**WHAT IS REQUIRED**
Print out the entries below with no edits.

**RECORDS FOR PROCESSING**
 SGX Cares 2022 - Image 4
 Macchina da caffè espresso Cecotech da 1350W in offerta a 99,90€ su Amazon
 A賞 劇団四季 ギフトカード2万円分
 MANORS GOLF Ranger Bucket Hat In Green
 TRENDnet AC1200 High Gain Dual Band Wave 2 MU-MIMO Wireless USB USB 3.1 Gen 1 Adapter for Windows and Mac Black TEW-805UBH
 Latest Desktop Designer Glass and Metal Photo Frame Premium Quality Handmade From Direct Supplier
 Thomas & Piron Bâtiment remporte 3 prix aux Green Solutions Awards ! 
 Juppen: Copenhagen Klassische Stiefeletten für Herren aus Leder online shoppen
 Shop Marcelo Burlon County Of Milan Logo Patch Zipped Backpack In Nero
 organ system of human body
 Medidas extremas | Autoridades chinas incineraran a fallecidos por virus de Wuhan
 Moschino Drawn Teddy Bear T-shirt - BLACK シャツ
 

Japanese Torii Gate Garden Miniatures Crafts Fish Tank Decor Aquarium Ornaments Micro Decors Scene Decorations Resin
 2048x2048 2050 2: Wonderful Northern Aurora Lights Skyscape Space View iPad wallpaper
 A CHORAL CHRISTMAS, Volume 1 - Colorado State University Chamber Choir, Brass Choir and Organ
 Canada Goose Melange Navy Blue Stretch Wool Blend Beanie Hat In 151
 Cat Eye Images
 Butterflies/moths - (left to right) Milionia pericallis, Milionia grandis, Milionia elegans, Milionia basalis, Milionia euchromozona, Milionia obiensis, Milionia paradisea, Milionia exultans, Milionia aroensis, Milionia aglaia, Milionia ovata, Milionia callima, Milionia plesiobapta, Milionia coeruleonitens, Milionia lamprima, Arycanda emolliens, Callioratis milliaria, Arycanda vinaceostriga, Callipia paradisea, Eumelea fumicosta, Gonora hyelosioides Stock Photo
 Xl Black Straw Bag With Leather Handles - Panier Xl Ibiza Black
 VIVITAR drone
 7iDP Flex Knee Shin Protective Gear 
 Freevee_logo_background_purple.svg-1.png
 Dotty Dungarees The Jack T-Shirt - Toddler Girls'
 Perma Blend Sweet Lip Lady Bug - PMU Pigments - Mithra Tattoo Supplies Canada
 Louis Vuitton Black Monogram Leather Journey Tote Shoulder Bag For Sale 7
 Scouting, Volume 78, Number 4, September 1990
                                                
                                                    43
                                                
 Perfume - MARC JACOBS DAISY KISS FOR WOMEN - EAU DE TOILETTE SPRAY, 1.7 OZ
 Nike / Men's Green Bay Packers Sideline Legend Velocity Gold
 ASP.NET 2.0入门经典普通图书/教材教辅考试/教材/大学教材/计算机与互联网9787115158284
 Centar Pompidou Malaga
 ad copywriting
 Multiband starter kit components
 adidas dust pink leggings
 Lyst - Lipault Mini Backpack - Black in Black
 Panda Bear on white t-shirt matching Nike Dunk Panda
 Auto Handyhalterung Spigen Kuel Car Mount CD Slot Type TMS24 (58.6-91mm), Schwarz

**RESPONSE TO THIS EXERCISE**
 SGX Cares 2022 - Image 4
 Macchina da caffè espresso Cecotech da 1350W in offerta a 99,90€ su Amazon
 A賞 劇団四季 ギフトカード2万円分
 MANORS GOLF Ranger Bucket Hat In Green
 TRENDnet AC1200 High Gain Dual Band Wave 2 MU-MIMO Wireless USB USB 3.1 Gen 1 Adapter for Windows and Mac Black TEW-805UBH
 Latest Desktop Designer Glass and Metal Photo Frame Premium Quality Handmade From Direct Supplier
 Thomas & Piron Bâtiment remporte 3 prix aux Green Solutions Awards ! 
 Juppen: Copenhagen Klassische Stiefeletten für Herren aus Leder online shoppen
 Shop Marcelo Burlon County Of Milan Logo Patch Zipped Backpack In Nero
 organ system of human body
 Medidas extremas | Autoridades chinas incineraran a fallecidos por virus de Wuhan
 Moschino Drawn Teddy Bear T-shirt - BLACK シャツ
 

Japanese Torii Gate Garden Miniatures Crafts Fish Tank Decor Aquarium Ornaments Micro Decors Scene Decorations Resin
 2048x2048 2050 2: Wonderful Northern Aurora Lights Skyscape Space View iPad wallpaper
 A CHORAL CHRISTMAS, Volume 1 - Colorado State University Chamber Choir, Brass Choir and Organ
 Canada Goose Melange Navy Blue Stretch Wool Blend Beanie Hat In 151
 Cat Eye Images
 Butterflies/moths - (left to right) Milionia pericallis, Milionia grandis, Milionia elegans, Milionia basalis, Milionia euchromozona, Milionia obiensis, Milionia paradisea, Milionia exultans, Milionia aroensis, Milionia aglaia, Milionia ovata, Milionia callima, Milionia plesiobapta, Milionia coeruleonitens, Milionia lamprima, Arycanda emolliens, Callioratis milliaria, Arycanda vinaceostriga, Callipia paradisea, Eumelea fumicosta, Gonora hyelosioides Stock Photo
 Xl Black Straw Bag With Leather Handles - Panier Xl Ibiza Black
 VIVITAR drone
 7iDP Flex Knee Shin Protective Gear 
 Freevee_logo_background_purple.svg-1.png
 Dotty Dungarees The Jack T-Shirt - Toddler Girls'
 Perma Blend Sweet Lip Lady Bug - PMU Pigments - Mithra Tattoo Supplies Canada
 Louis Vuitton Black Monogram Leather Journey Tote Shoulder Bag For Sale 7
 Scouting, Volume 78, Number 4, September 1990
                                                
                                                    43
                                                
 Perfume - MARC JACOBS DAISY KISS FOR WOMEN - EAU DE TOILETTE SPRAY, 1.7 OZ
 Nike / Men's Green Bay Packers Sideline Legend Velocity Gold
 ASP.NET 2.0入门经典普通图书/教材教辅考试/教材/大学教材/计算机与互联网9787115158284
 Centar Pompidou Malaga
 ad copywriting
 Multiband starter kit components
 adidas dust pink leggings
 Lyst - Lipault Mini Backpack - Black in Black
 Panda Bear on white t-shirt matching Nike Dunk Panda
 Auto Handyhalterung Spigen Kuel Car Mount CD Slot Type TMS24 (58.6-91mm), Schwarz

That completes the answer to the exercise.